Pierre-Charles Le Mettay (19 July 1726, Fécamp, Province of Normandy - 29 March 1759, Paris) was a French painter, primarily of mythological scenes, and designer. His last name has several spelling variations and his first name is sometimes given as Pierre-Joseph.

==Biography==
He was the son of a goldsmith. His mother died five days after his baptism. When he came of age, he was apprenticed to an engineer in Sercus, but soon realized that he was not learning the skills that matched his aspirations. Aged barely sixteen, he managed to find a position in the studios of François Boucher. Within five years, he was ready to compete with other artists at the Académie royale de peinture et de sculpture and was awarded the Prix de Rome for painting in 1747.

When he arrived at the French Academy in Rome, he spent much of his time doing religious painting rather than following the school's curriculum. In 1751, nevertheless, the new Director, Charles-Joseph Natoire, chose him as one of four students who would do paintings for the General Directorate of Naples, despite opposition from the Marquis de Marigny who felt that Mettay had no talent and had ignored his studies too much. He went to Naples in 1753, followed by a trip through the main Adriatic ports. He remained in Turin long enough to be presented at court and receive several commissions. In 1756, he returned to Paris.

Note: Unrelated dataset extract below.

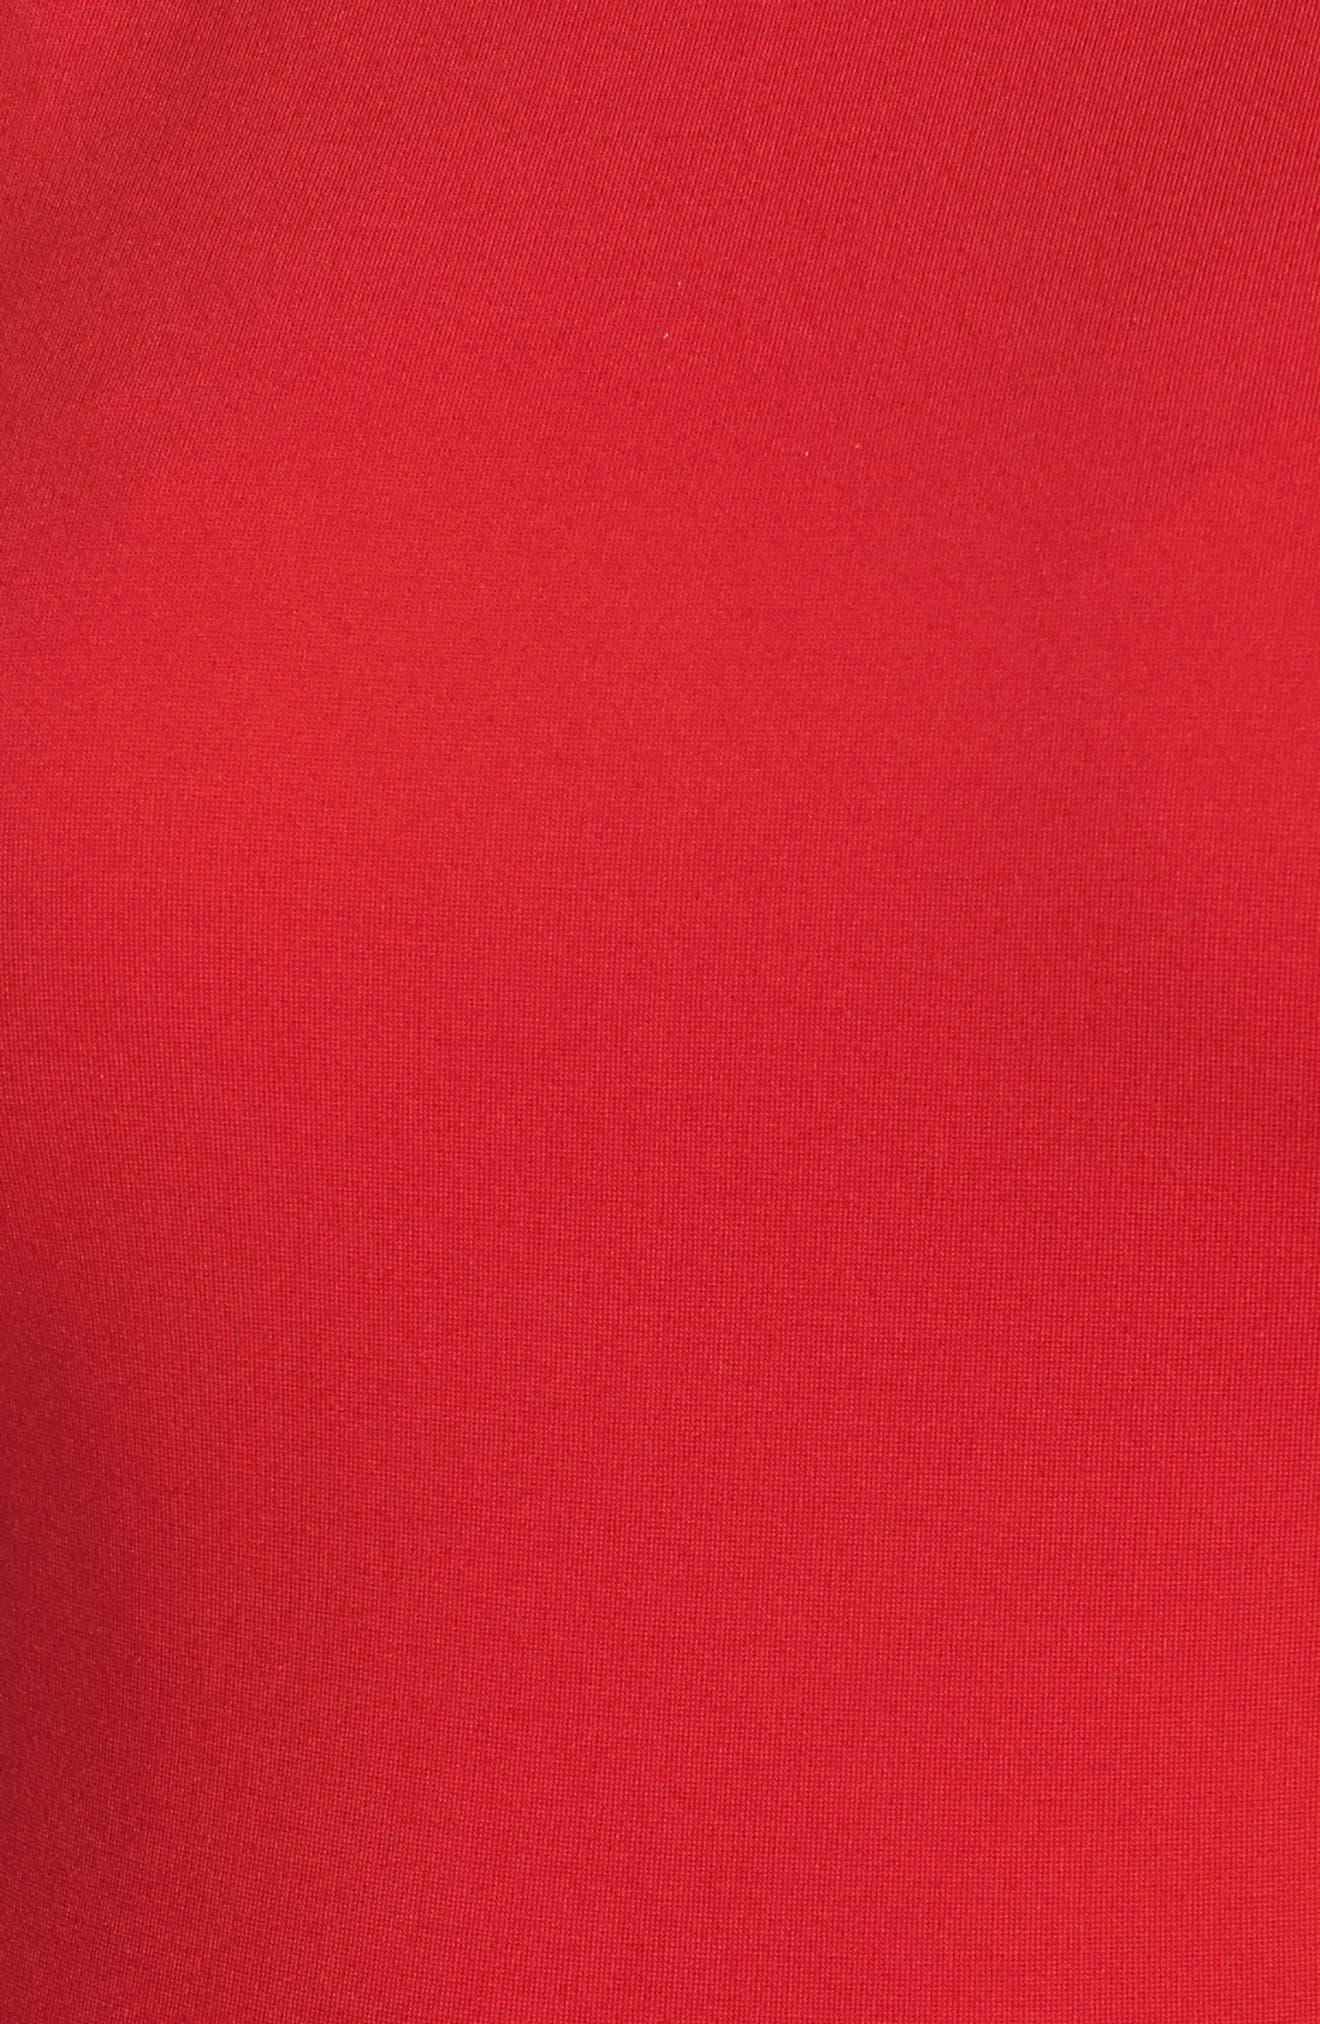 Alternate Image 5  - Felicity & Coco Rosa Fit & Flare Dress (Nordstrom Exclusive) (Regular & Petite)

With some assistance from Boucher, he created paintings from sketches of Greece, made by the architect Julien-David Le Roy on his recent visit there, then did the same for a set of engravings by Jacques-Philippe Le Bas, which were issued in two folios. On the basis of this work, he presented himself for membership in the royal academy and was accepted as a candidate in 1757. Shortly after, he began to exhibit at the Salon and received great praise from the Mercure de France.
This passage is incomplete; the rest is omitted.